In men with desirable total cholesterol levels, gemfibrozil raises HDL-C and lowers TG levels to a similar extent as reported for hyperlipidemic men in the Helsinki Heart Study. These lipid-altering effects were most pronounced in those with the highest fasting TG levels.
评估吉非贝齐对原发性单纯高密度脂蛋白胆固醇(HDL-C)水平低的男性患者的疗效。
14名HDL-C水平低但总胆固醇水平正常的男性患者参与了一项随机、双盲、安慰剂对照、交叉试验,接受吉非贝齐治疗。这些男性遵循国家胆固醇教育计划第二步饮食方案。他们被随机分配,分别接受3个月的安慰剂和吉非贝齐治疗,两阶段之间有1个月的洗脱期。

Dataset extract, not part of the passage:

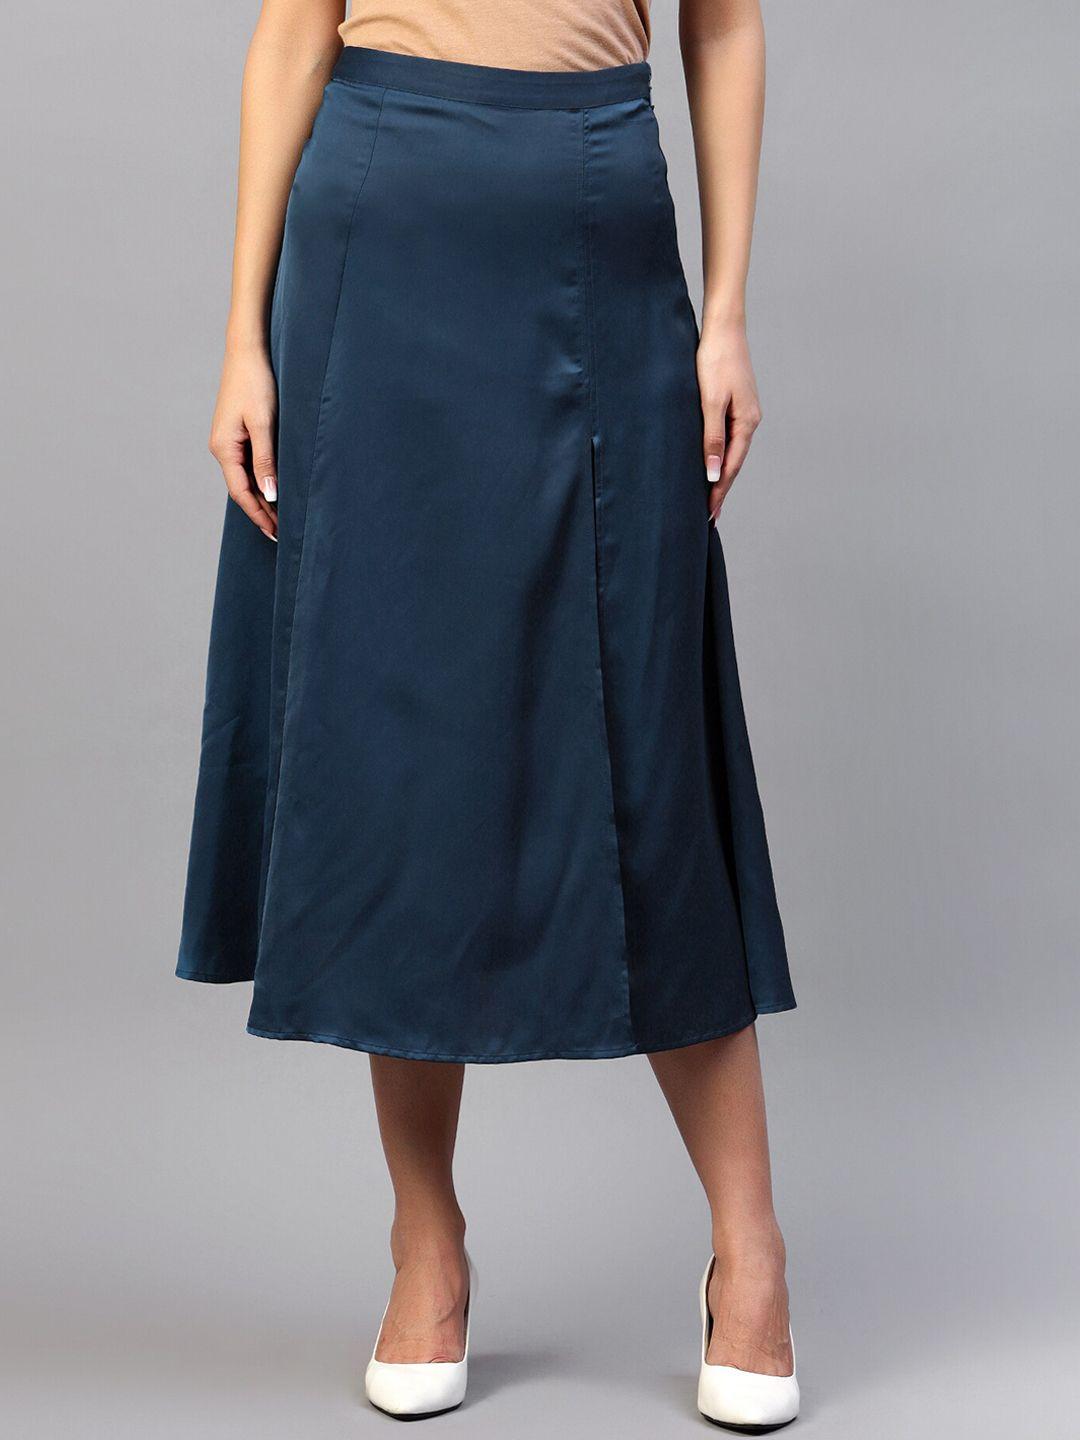 hencemade front slit midi a-line skirt

总体而言,吉非贝齐使HDL-C总浓度升高了9.2%(p = 0.001),甘油三酯(TG)水平降低了38%(p < 0.01),并显著降低了总胆固醇与HDL-C的比值(p = 0.01)。空腹TG水平为1.07 mmol/L(95 mg/dL)或更高的患者,使用吉非贝齐后HDL-C水平显著升高(14.6%,p = 0.005),TG水平降低(50%,p = 0.002);空腹TG水平低于1.07 mmol/L的患者,HDL-C水平升高幅度较小(4.1%,p > 0.05),TG水平降低幅度较小(15%,p = 0.02)。低密度脂蛋白胆固醇、HDL2-C、载脂蛋白(apo)A-I和B或脂蛋白(a)的血浆水平无显著差异。HDL3-C和apo A-II水平略有升高。吉非贝齐引起的不良反应极小。
在总胆固醇水平正常的男性中,吉非贝齐升高HDL-C和降低TG水平的程度与赫尔辛基心脏研究中高脂血症男性的报告相似。这些血脂改变作用在空腹TG水平最高的患者中最为明显。